Hard-to-change (HTC) factors: 3. These are the three thermocycler (whole-plot) factors.
HTC factors laid out as: Full factorial (the default).
Groups per replicate: 8.
Runs per Group: 32. This specifies a 29-1 factorial design for all 9 factors, which is resolution IX. Note that the box changes green for any design that is Res V or better, meaning you can fit main effects and two-factor interactions (2FI).
Click Next to see aliases (there are none of any consequence) and Next again to see the entries for factors. Note here that the HTC factors are labeled lowercase—a, b, and c; while the easy-to-change (ETC) factors are uppercase—E, F, G, H, and J (skipping past letter I due it being reserved as label for model intercept).
Click Next to view the entry for the response and then, accepting the defaults for Signal/Noise ratio, Next again to view the Split-Plot Design Power. Note that lowered power for the HTC factors (a, b and c). This occurs due them being put into 8 groups (whole plots), which restricts randomization.
Click Finish to exit the design-building wizard and produce the experimental plan (recipe sheet), pressing OK on the warning to reset factor levels. Scrolling down you will see how this 256 run design is split up into 8 whole-plot groups. Then, via File, New Design, re-open PCR.dxpx to get the results back.
Now having rebuilt the design and collected the data, continue this feature tour to see Stat-Ease 360’s specialized tools for selecting effects from a two-level-factorial split-plot, as well as the programs statistical analysis, diagnostics and informative displays for assessing the final outcome.
Analysis is the same as for a factorial design, except for one key difference: The subplot and whole-plot effects are analyzed separately—each getting its own half-normal plot. To get started on analyzing the Amplification response, click the Amplification node under the Analysis branch at the left.
Click the Start Analysis button to bring up the Subplot Effects tab.

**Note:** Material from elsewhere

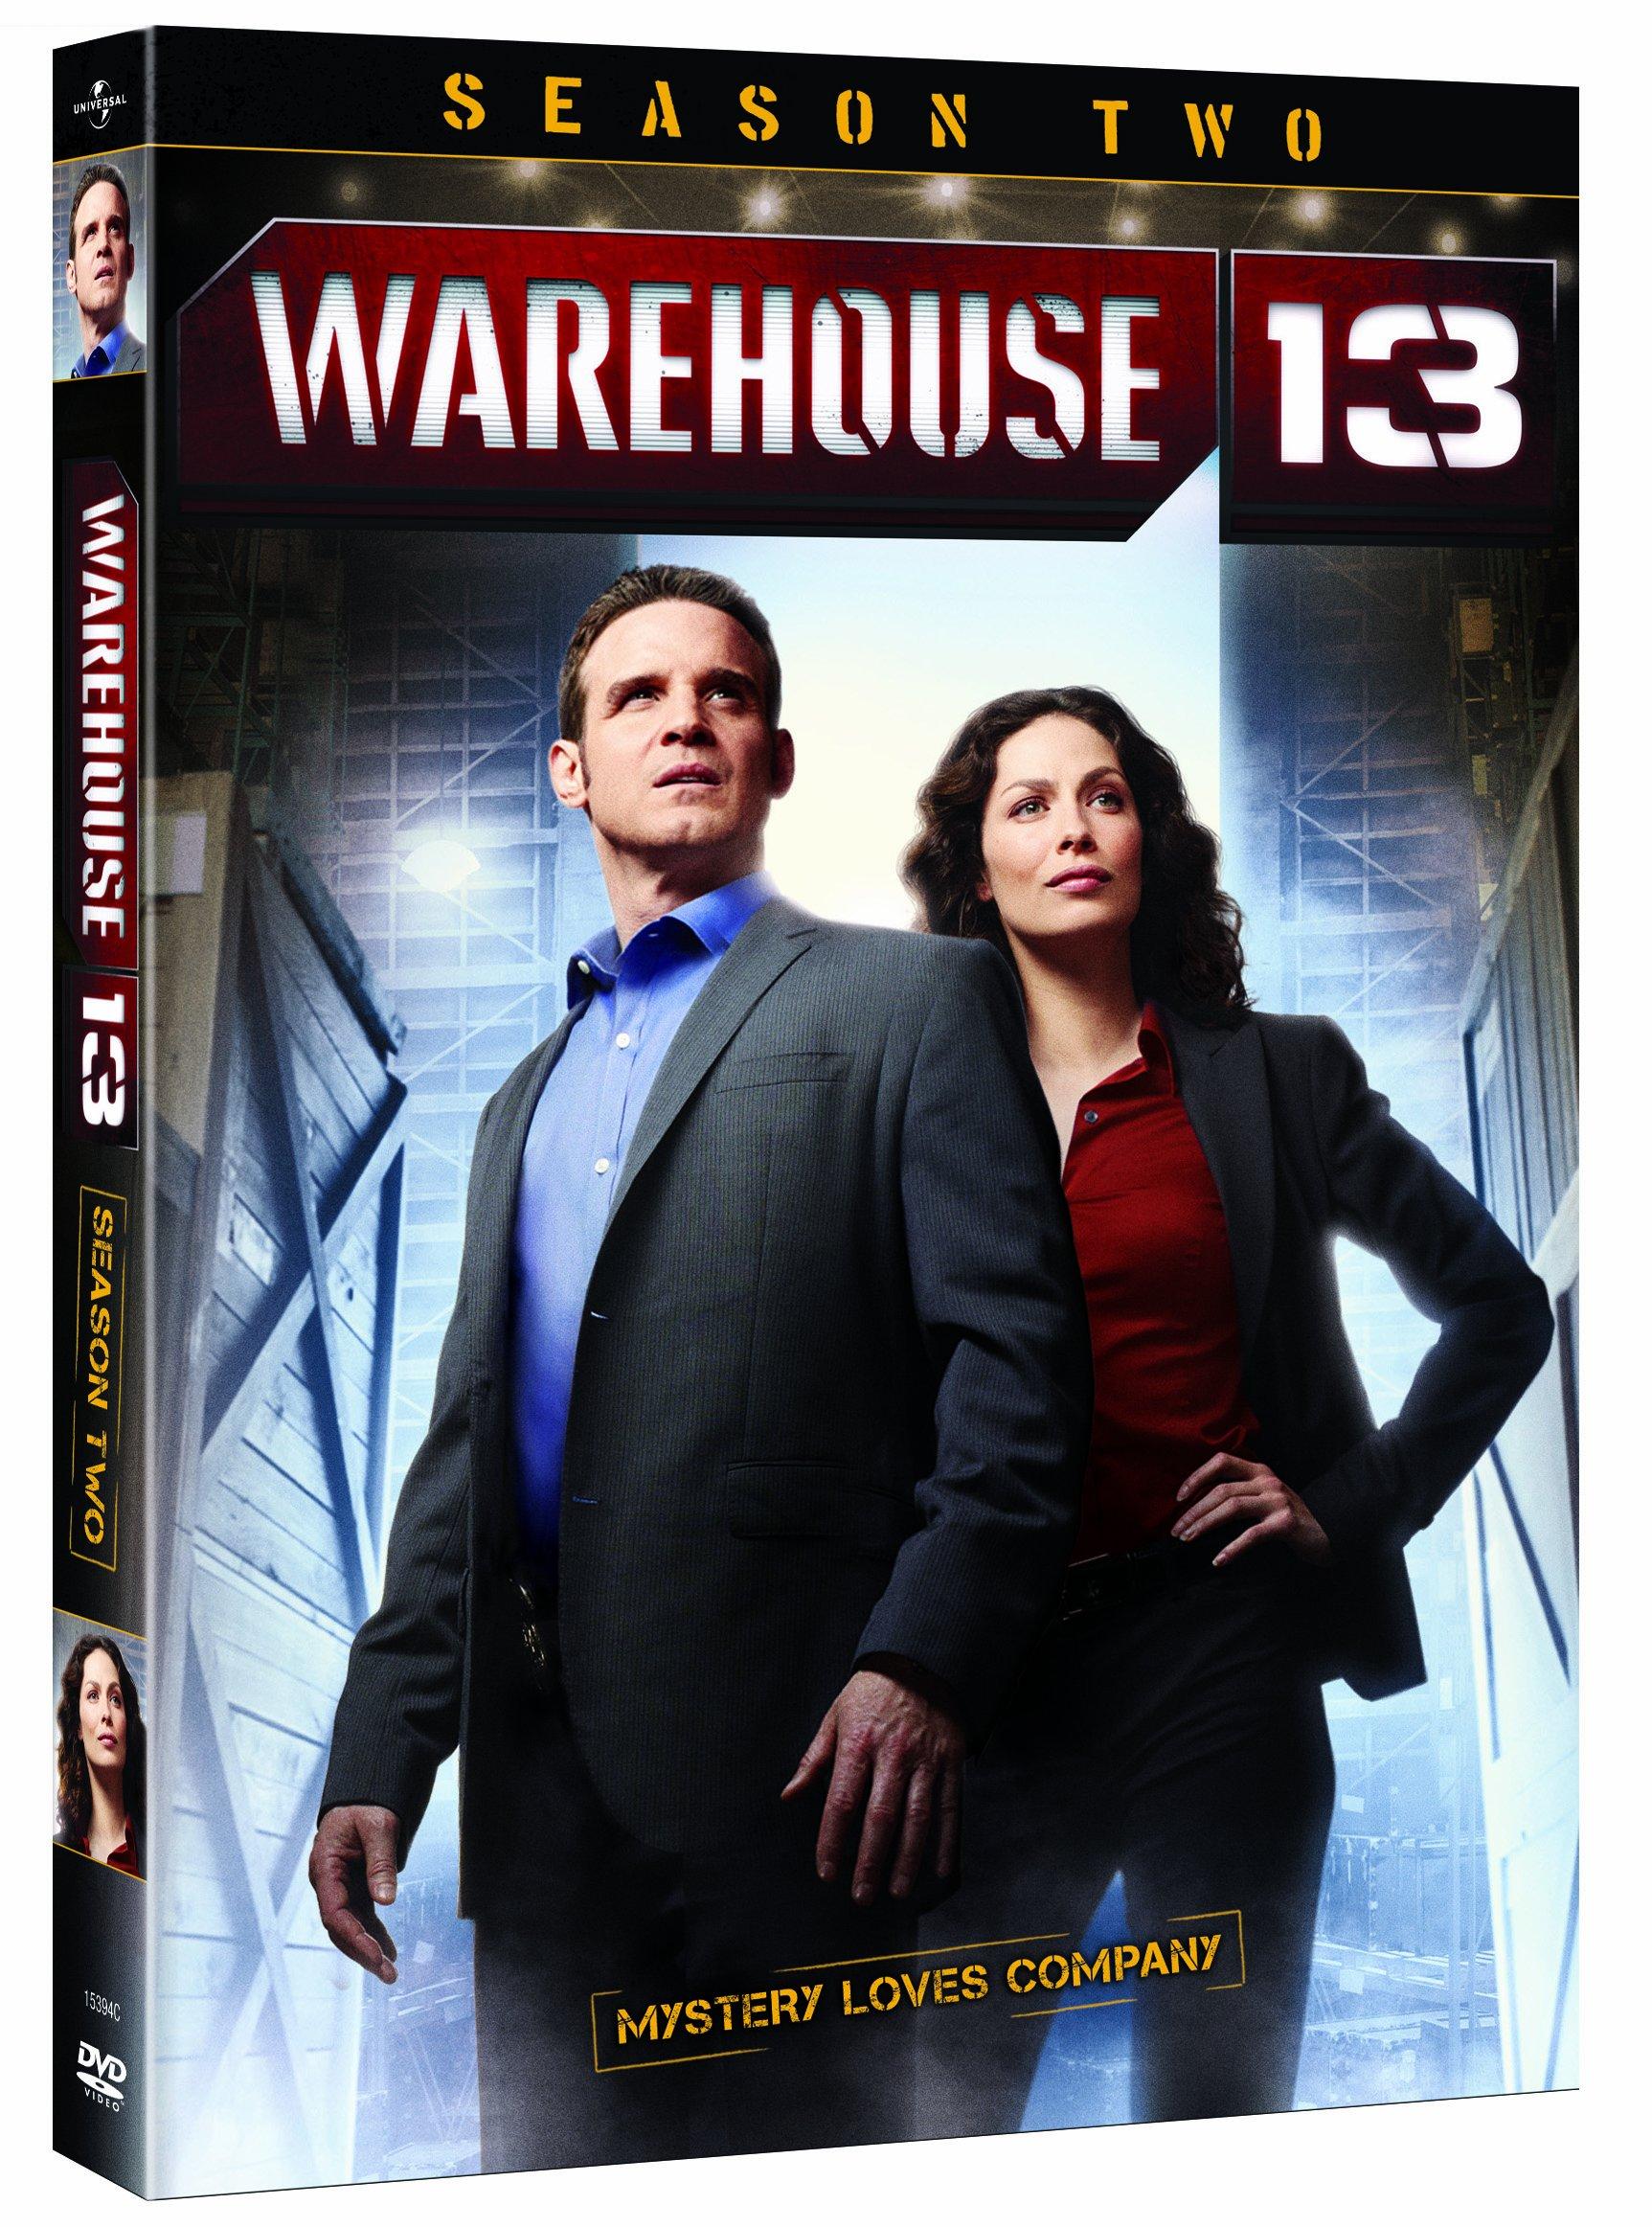 Warehouse 13: Season 2 by Universal Studios Home Entertainment

Select the significant effects (those that stand out to the right) by clicking them as shown below.
Notice how the Pareto chart, at the right in this default side-by-side view [|], updates as you modify the half-normal effect selection.
Click the Whole-plot Effects tab and press Yes when asked the question about hierarchy. As shown below, select the significant whole-plot effects not already chosen for hierarchy.
Click on the ANOVA (REML) tab. The restricted maximum likelihood (REML) analysis is necessary to properly identify the significant effects and calculate p-values for split-plot designs. In this case, all the whole-plot and sub-plot terms are significant at the p < 0.05 level.
Click on the Diagnostics tab and analyze the diagnostics as you normally would. (For more details refer to the Two-Level Factorial tutorial, which goes into far more depth than this high-level feature tour.) There is one possible outlier (outside the red lines), but in a design with 256 runs, that is not unexpected, so leave that run in.
The model graphs, numerical optimization and other post-analysis options work as they do for all two-level factorial designs. Explore the graphs for conditions that maximize the “Amplification” response.
This concludes a quick pass through the two-level factorial tools provided by Stat-Ease 360 software for a split-plot experiments. Consider saving your results and then seeing via Numerical Optimization what the program recommends for achieving maximum optimization for the polymerase chain reaction (PCR). It is quite amazing what DOE can do with the proper tools!